The Travels of The Toucher, Assembly House, Leeds 2015-12-15
The Travels of The Toucher
Dillan Marsh & Eleanor Clare
Video projection with audio played through a bass amp, 45 sec. loop
Framed digital C-print, 60x85cm
Audio, played through a mini guitar amp, 5.20min. loop
Digital photograph on 32 inch monitor
Stud wall with two poke holes cut through it
Five terracotta clay objects on different sized plinths
Framed painting, acrylic on two 21x15cm sheets of paper
Work lamp, lighting back yard
Publication, in edition of 50
Eleanor Clare & Dillan Marsh: The Travels of The Toucher
20th-29th Nov
With cardboard boxes over their heads, and two holes punched out for their arms, they began with wet clay, and without any other idea than to see what came by handling it. What they arrived at was not a sculpture, but a way to begin. The forms were destroyed and remodelled – the possibility to reform them was always there. It was a way to get to the thing.
On a wet and windy day, they journeyed out to Tigh na Cailleach, home of the Old Woman of the Glen, just before she withdrew into her shelter for the winter. They were not sure what they might find, or what to do when they got there. They were walking a path that had been walked for thousands of years. They were looking for the very beginnings of meaning and making: to connect thousands of years ago with today. They wanted to find it, but when they found it, they didn’t know what to do next. Not there at the shrine, nor in the studio with the clay.
About Time is a satellite programme of contemporary art running from October 2015 – January 2016. It is curated by a consortium of Leeds-based artists and curators led by Mexico, Pavilion and SPUR with contributions from Assembly House Leeds, Basement Arts, Black Dogs, Leeds Animation Workshop, Left Bank, Pyramid of Arts, Seize, Set The Controls For The Heart of The Sun and many others. Coinciding with the launch of the British Art Show 8, this city-wide initiative features commissioned artworks, texts and events which aim to highlight the work of artists, cultural producers and curatorial projects based in Leeds, alongside their international peers. The programme takes place across a diverse set of venues including artist-led spaces, museums and heritage buildings.
Through the grainy unsteady image and the sound, distorted by low quality compression, it
seems like something is trying to break through. The first few seconds sound like noise
pulled through a synthesizer, screaming and kicking as it emerges, fighting for life in its new
digital form. Something about it is alarming, frightening, tortured and angry. It is half-formed,
raw and unrefined. Streaks of red and white light flash across the screen.

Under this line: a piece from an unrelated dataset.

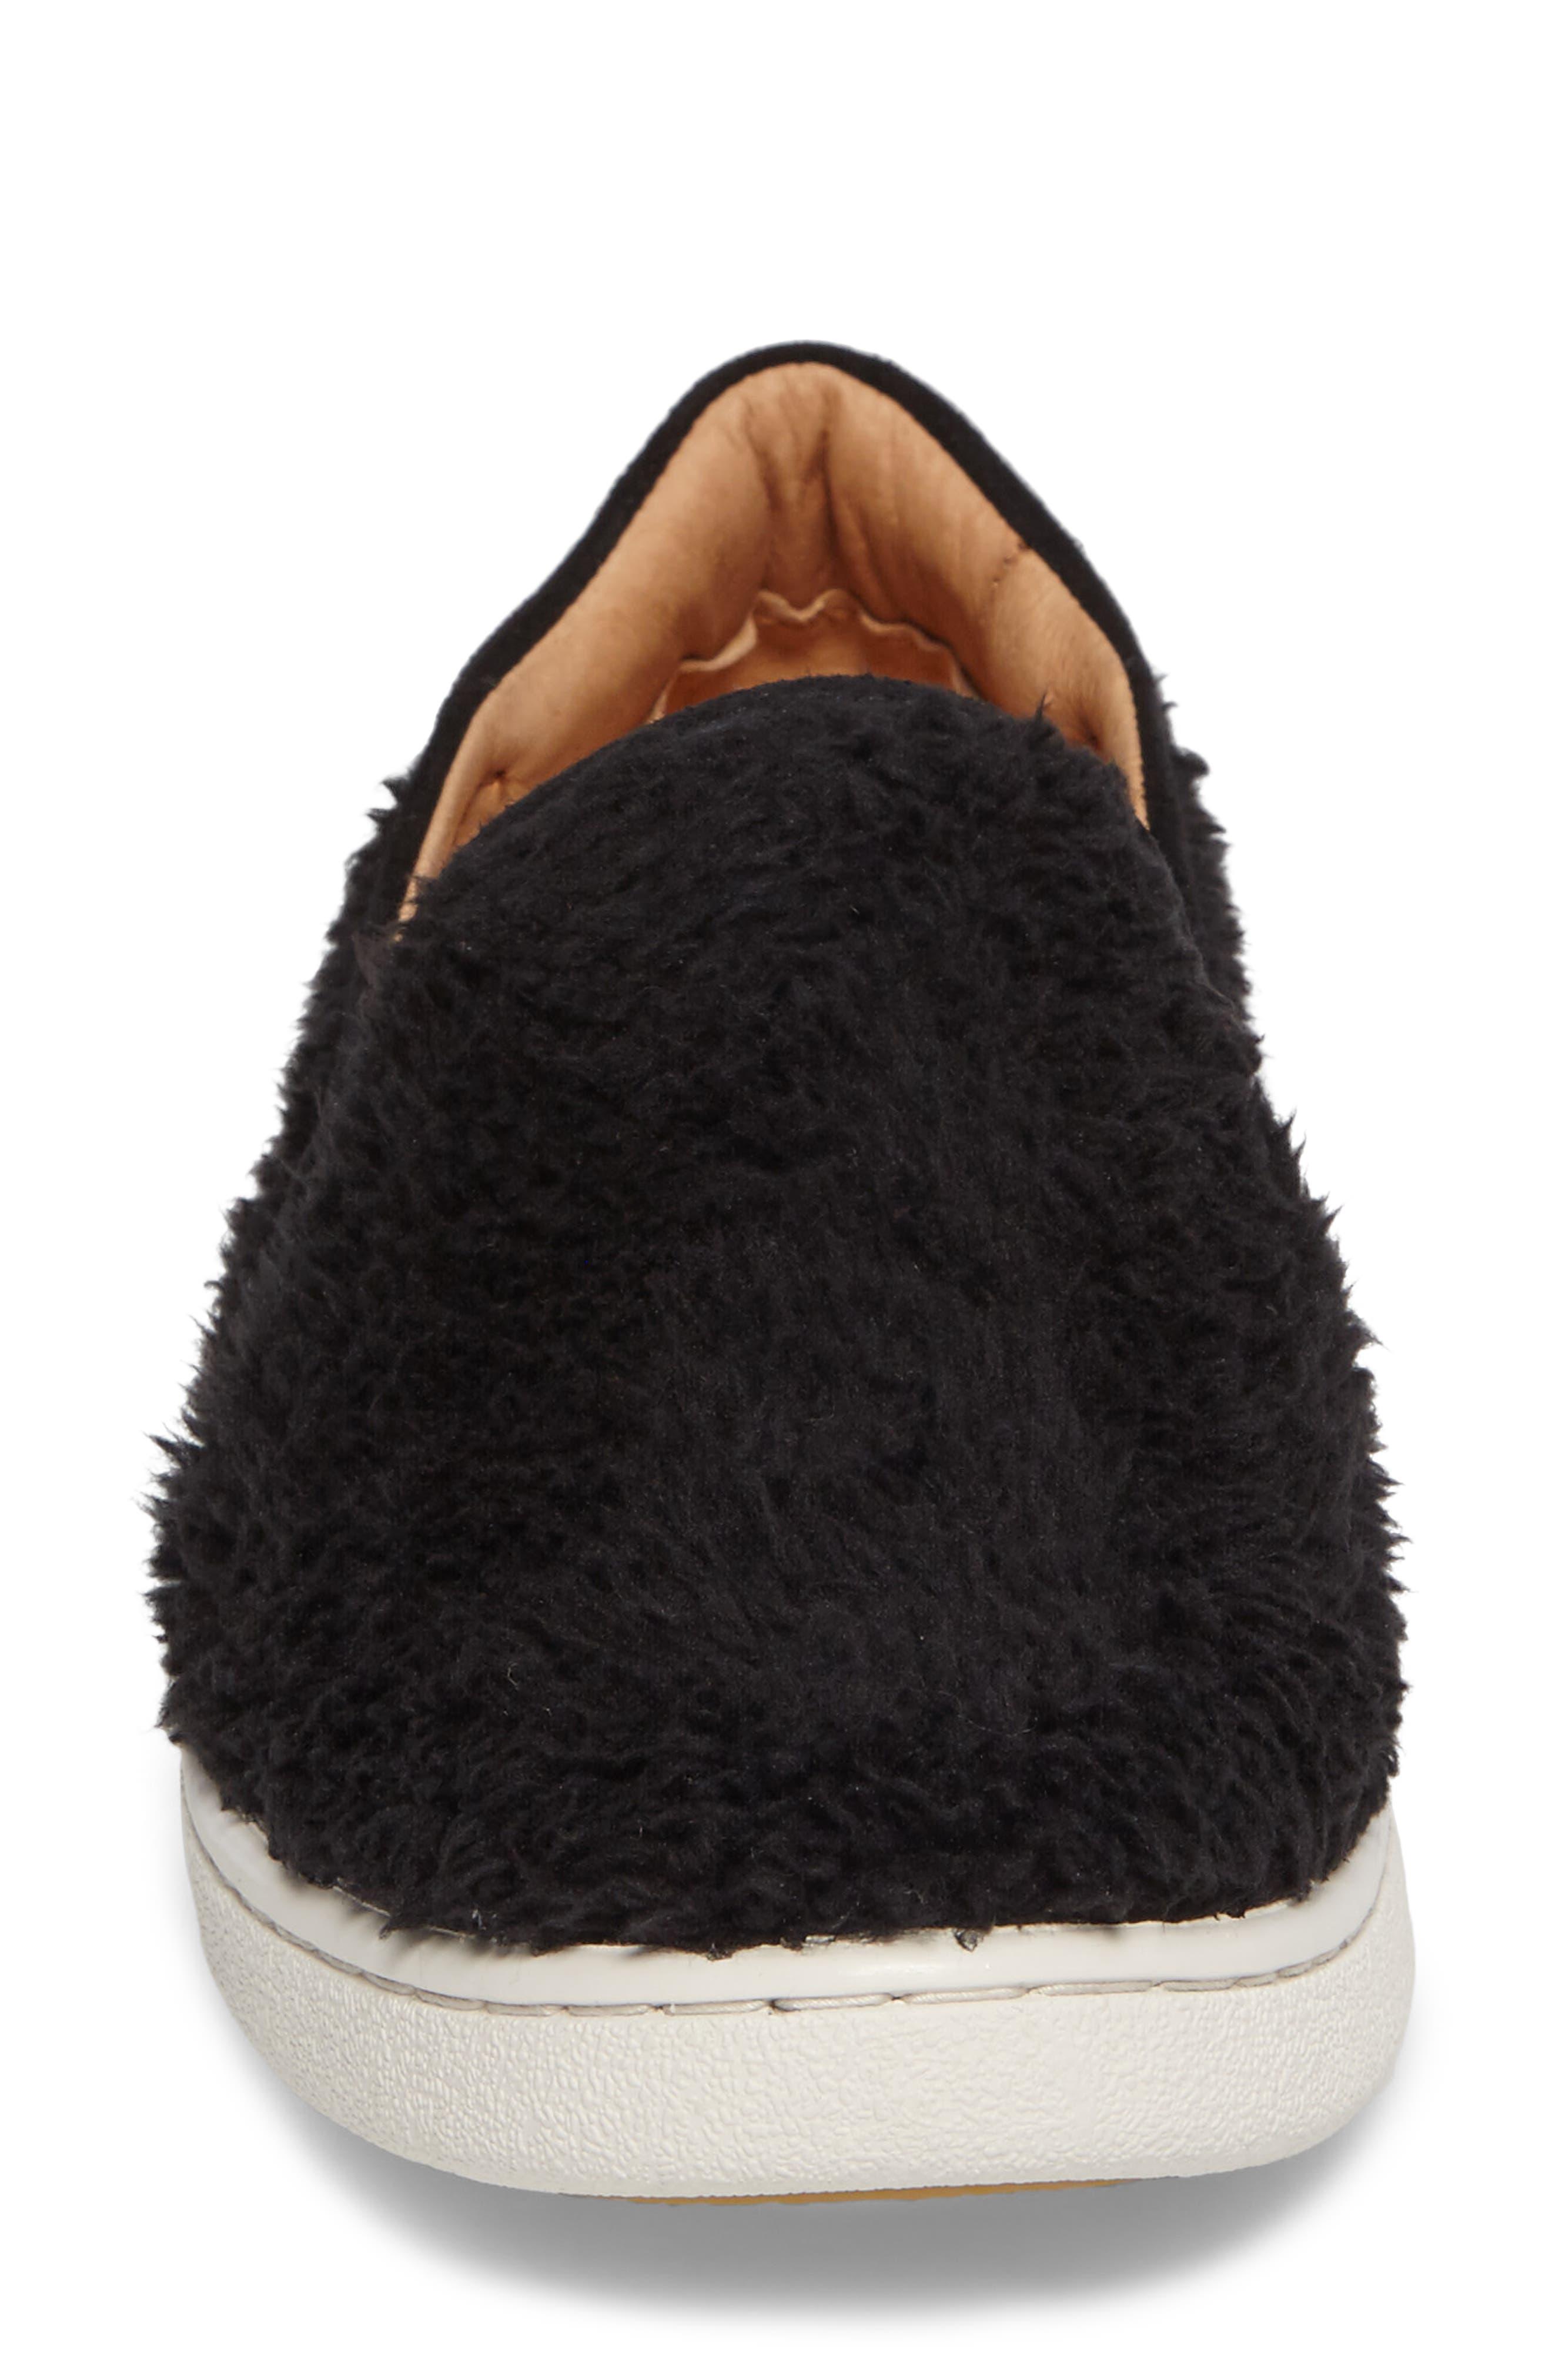 Ricci Plush Slip-On Sneaker,                             Alternate thumbnail 4, color,                             Black Fabric

It is an arena for action. Something about this situation that is chaotic; yet there is an
element of control. The driver makes tight circles around a central axis. At first this is
demarcated by a traffic cone, but as things proceed, the silhouette of a young man moves into the
centre. The car stops and revs up, creating billows of smoke in the air, obliterating vision for
a few moments. As the car skids and screeches, I feel a sense of alarm. This is coming close to
disaster for the lone, central figure, potential victim of the anonymous driver, a sacrifice for
the entertainment of onlookers. I can sense also the collusion. One figure willingly places his
trust in the other. There is a tension between these two.
*
A smoky, fiery object is spinning recklessly. One might say things had spun out of control.
Not quite though; for to completely lose control would mean total destruction. It would mean the
end. It all went up in flames. This is a sudden, intense and short lived burst of energy. More
like a supernova than the sun, and more akin to a meteor careering around a planet, than a planet
orbiting the sun. It was more than this, though. This scene was not simply about objects in space;
it was human. It was a game or a task, perhaps even a ritual.

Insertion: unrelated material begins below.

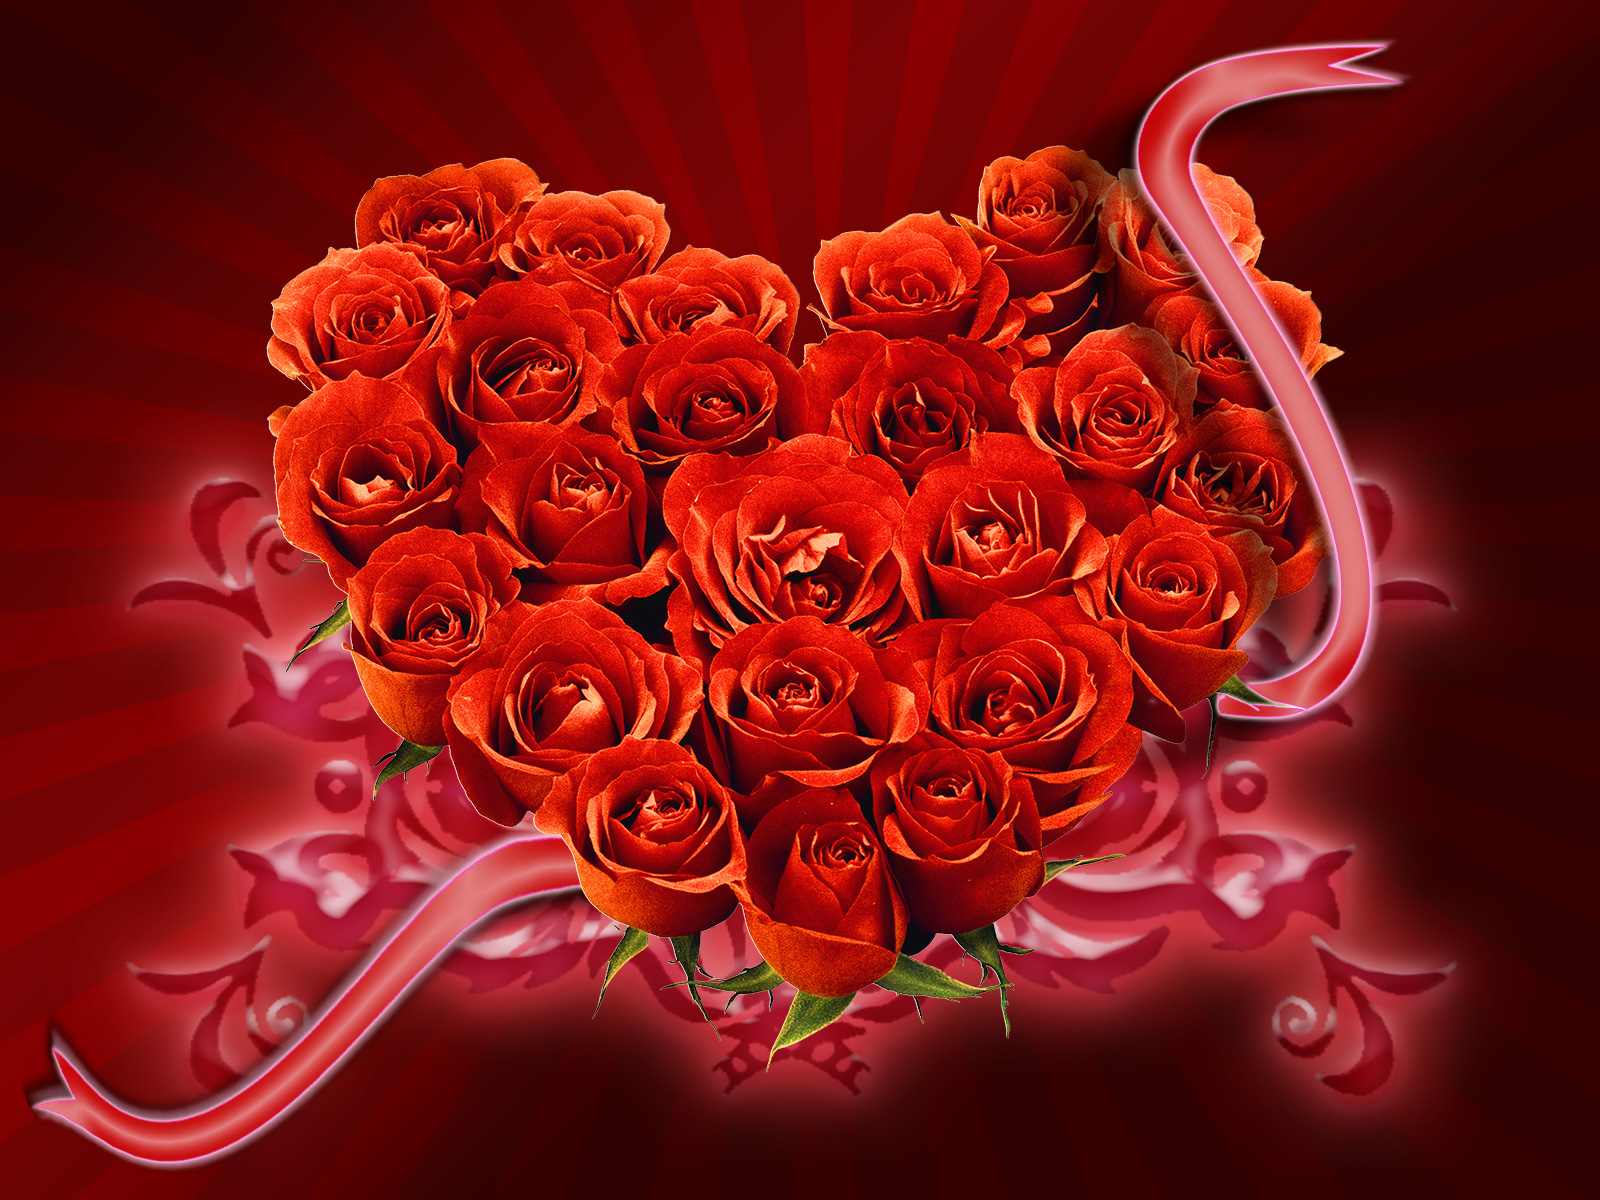 розы фотообои на рабочий стол:

Although I can identify it as a human activity, shot through with the implications of one's
relationship to another, from my vantage point it also seemed anonymous. In the dark, these
figures could be anyone, totally unrecognisable by the light of day. In this moment they had a
relationship to one another. Certainly for the two central protagonists, it was one of great
significance and trust. At any other time, on any other level, it was unclear. In this sense, the
action had become symbolic. The figures could be understood as archetypes. Ones which, for reasons
I cannot yet identify, I associate with the masculine.
***
In the threat of a loss of control, images had already flooded my mind. I remember as the
helicopters circled in the air above my house one evening in August. I had no idea why it was
happening, but this circling was incessant, the noise repeatedly coming close and fading away,
swelling and receding, but never quite out of my consciousness. It always gives me a slight sense
of unease, the idea of something being under surveillance, coupled with the notion that something
might be wrong. Why this surveillance from such a great height? It is a safe distance for the one
who watches. Then I remembered the destruction that had taken place, just minutes away from my home.
The aerial images of buildings and cars set alight, and rioters surging through the streets, anonymous
from this point of view. London's Burning.